Netflix is ready to launch a new feature that lets the app choose which movie or TV series to watch. Here's how it works

Probably not long before the "Shuffle" feature arrives, even on Netflix: the first sightings on apps for Samsung smart TVs and Amazon Fire have already been reported in the U.S.

So soon, the feature could arrive on all other apps and even in other countries around the world. There are many who hope so, perhaps even Netflix itself since this feature could help users overcome the so-called "Netflix Decision Paralysis Syndrome" (NDPS). The shuffle function, as the name itself says, is used to jump from the content we're watching to another, randomly chosen by the system. For certain types of content it can be useful, but for others it doesn't make much sense. In any case, it's one more feature available to the Netflix subscriber, who will have a button to use it both under the content he's watching and in the app's menu.

What's the point of shuffle on Netflix

The usefulness of a feature like shuffle, which actually chooses instead of the user which is the next content to watch, can have different effects depending on the content offered. As this function is still in the testing phase, we don't know if the choice of the new content will be absolutely random or filtered by some variable: the user's tastes, the same movie genre, an episode of the same series we are already watching, a content we have already started and then abandoned. In the case of linear TV series, in which each episode is preparatory to the next, running the shuffle in a completely random way doesn't make sense: if you haven't seen the previous episodes, you won't understand anything of the proposed content. In the case of movies, instead, it can make sense to change genre and discover new titles, directors and actors we don't know.

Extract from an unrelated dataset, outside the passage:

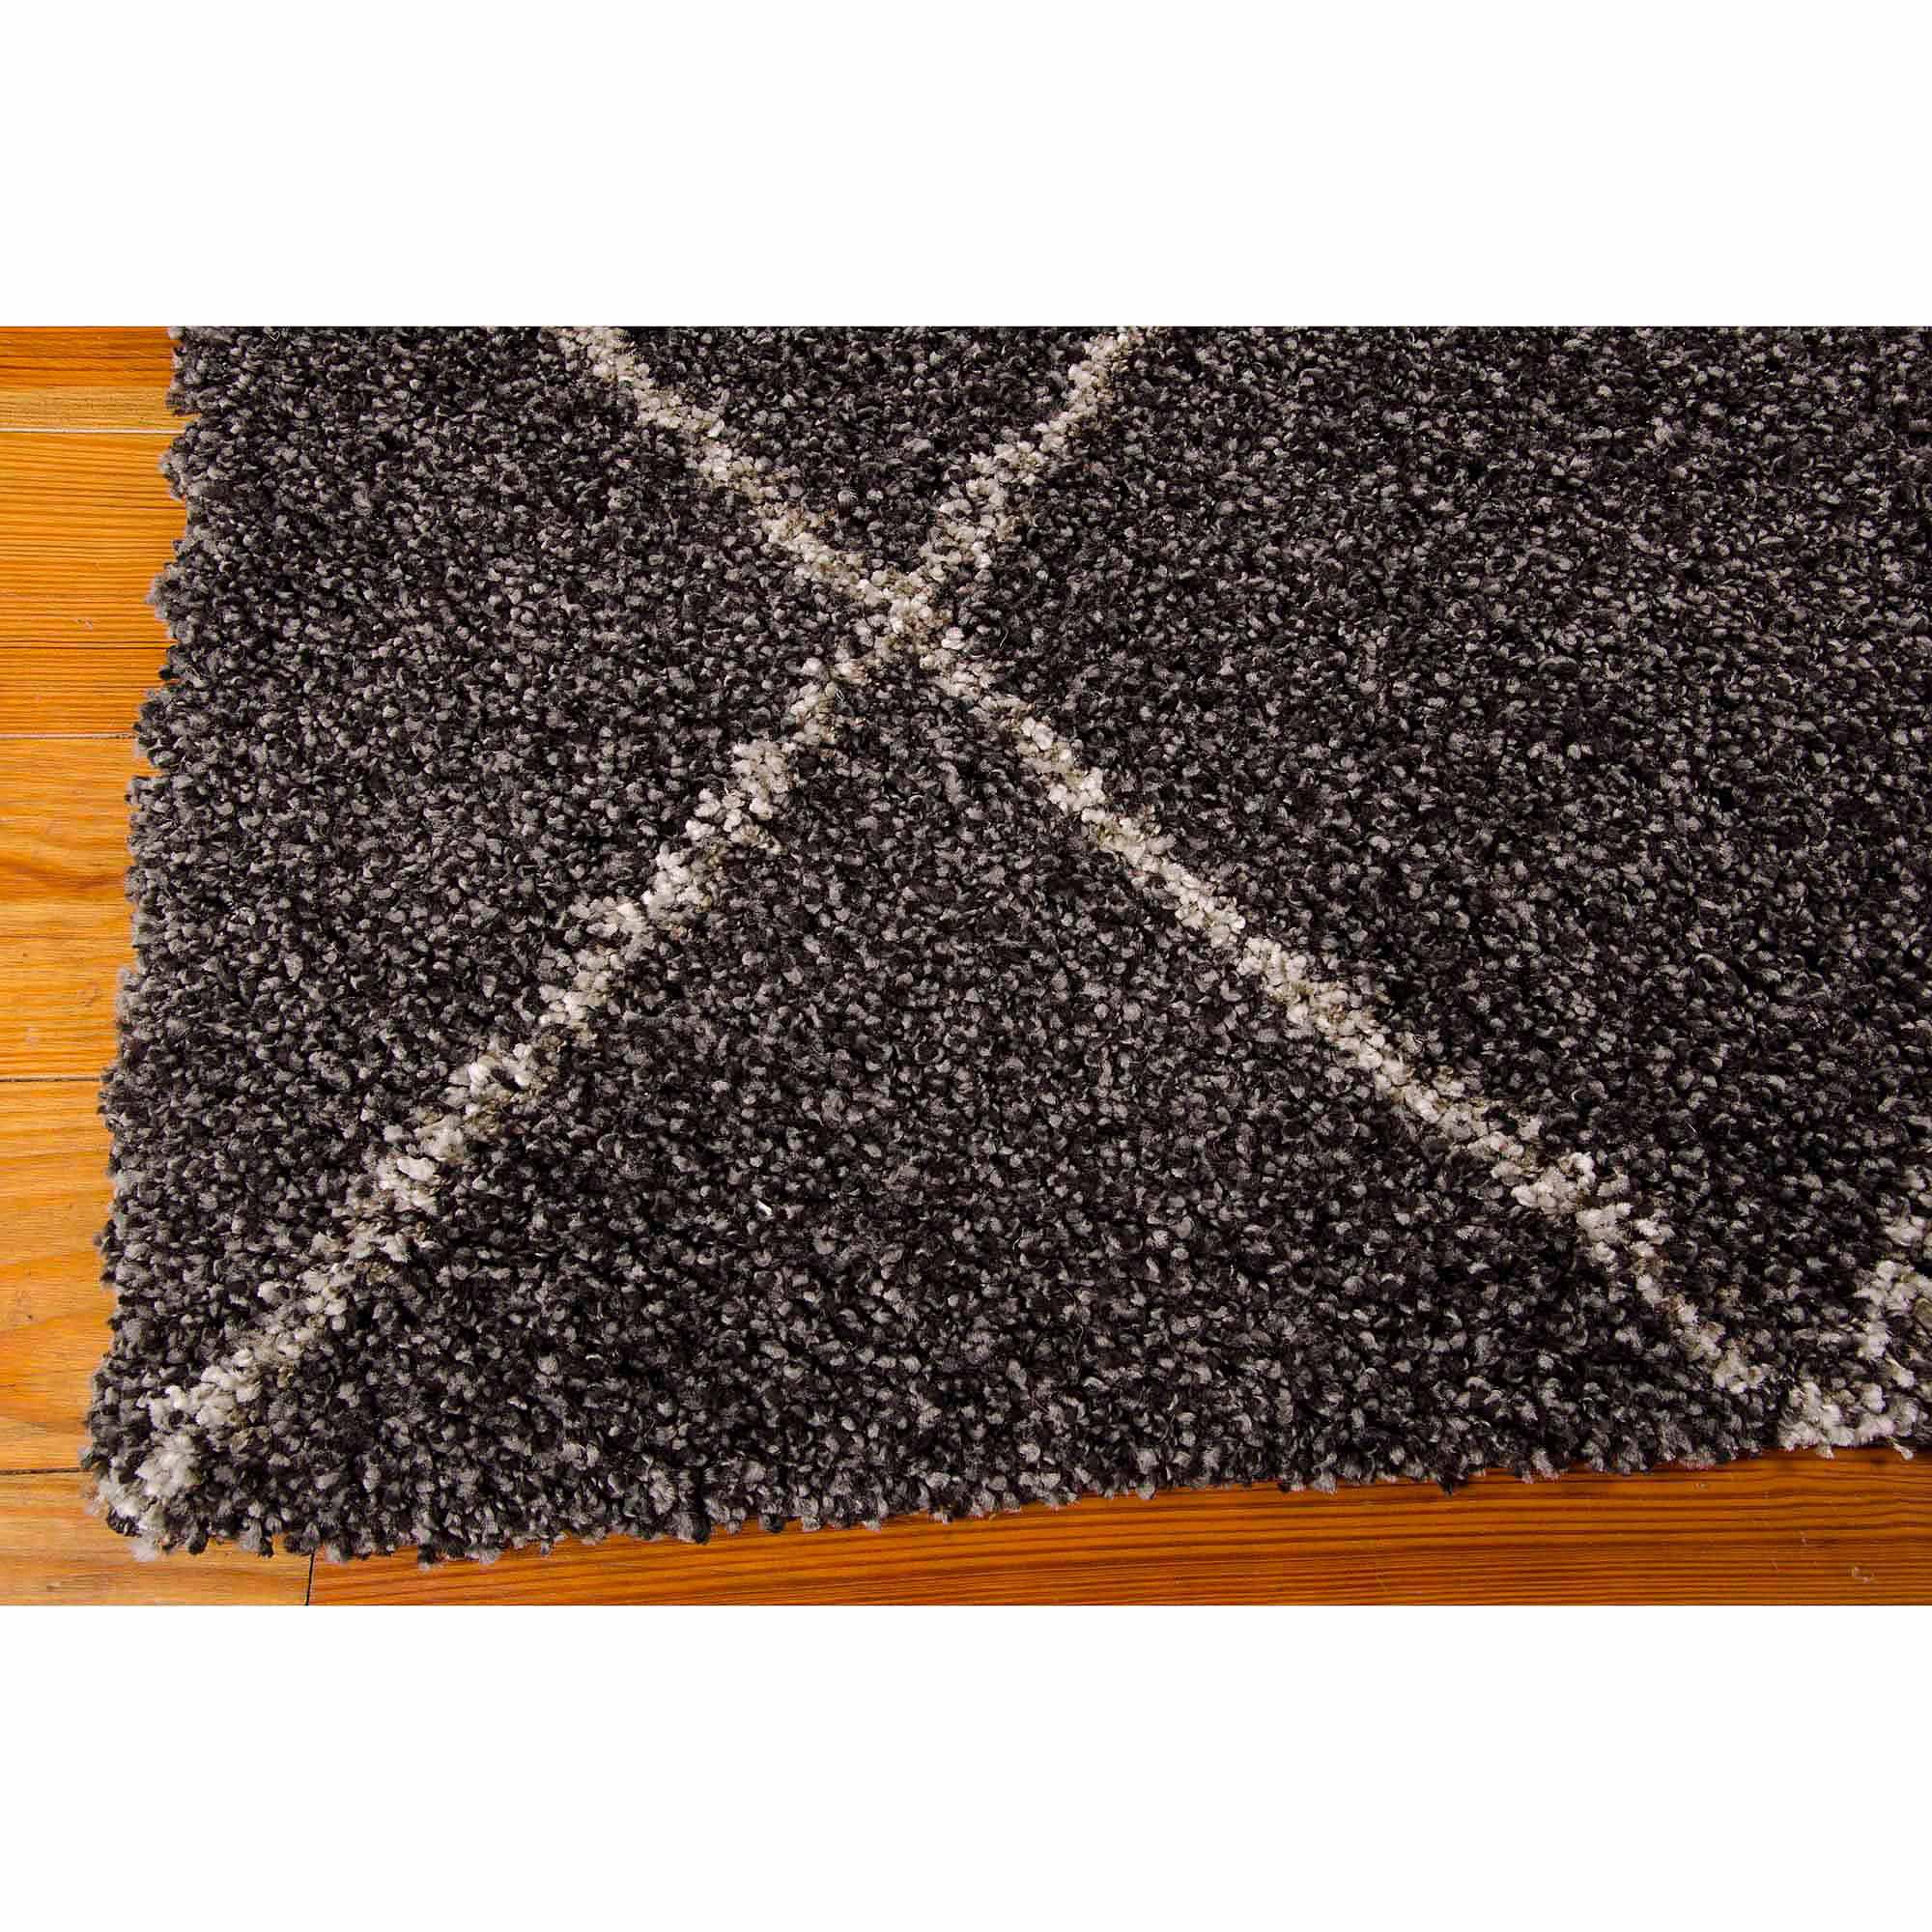 Floor rugs brisbane roselawnlutheran floor rugs brisbane xcyyxh com baanklon Image collections

What is Netflix Decision Paralysis Syndrome

Already several years ago, not long after the arrival of Netflix, the expression "Netflix Decision Paralysis Syndrome" was coined. Do you know when the user scrolls through the list of content available on Netflix for several minutes, without ever deciding what to watch, and maybe finally gets bored and closes the app? Now that's NDPS. Which is bad for both the user and Netflix, because if the user decided right away what to watch their Netflix usage would increase. The shuffle feature, in this respect, could help: don't know what to watch? Netflix decides it.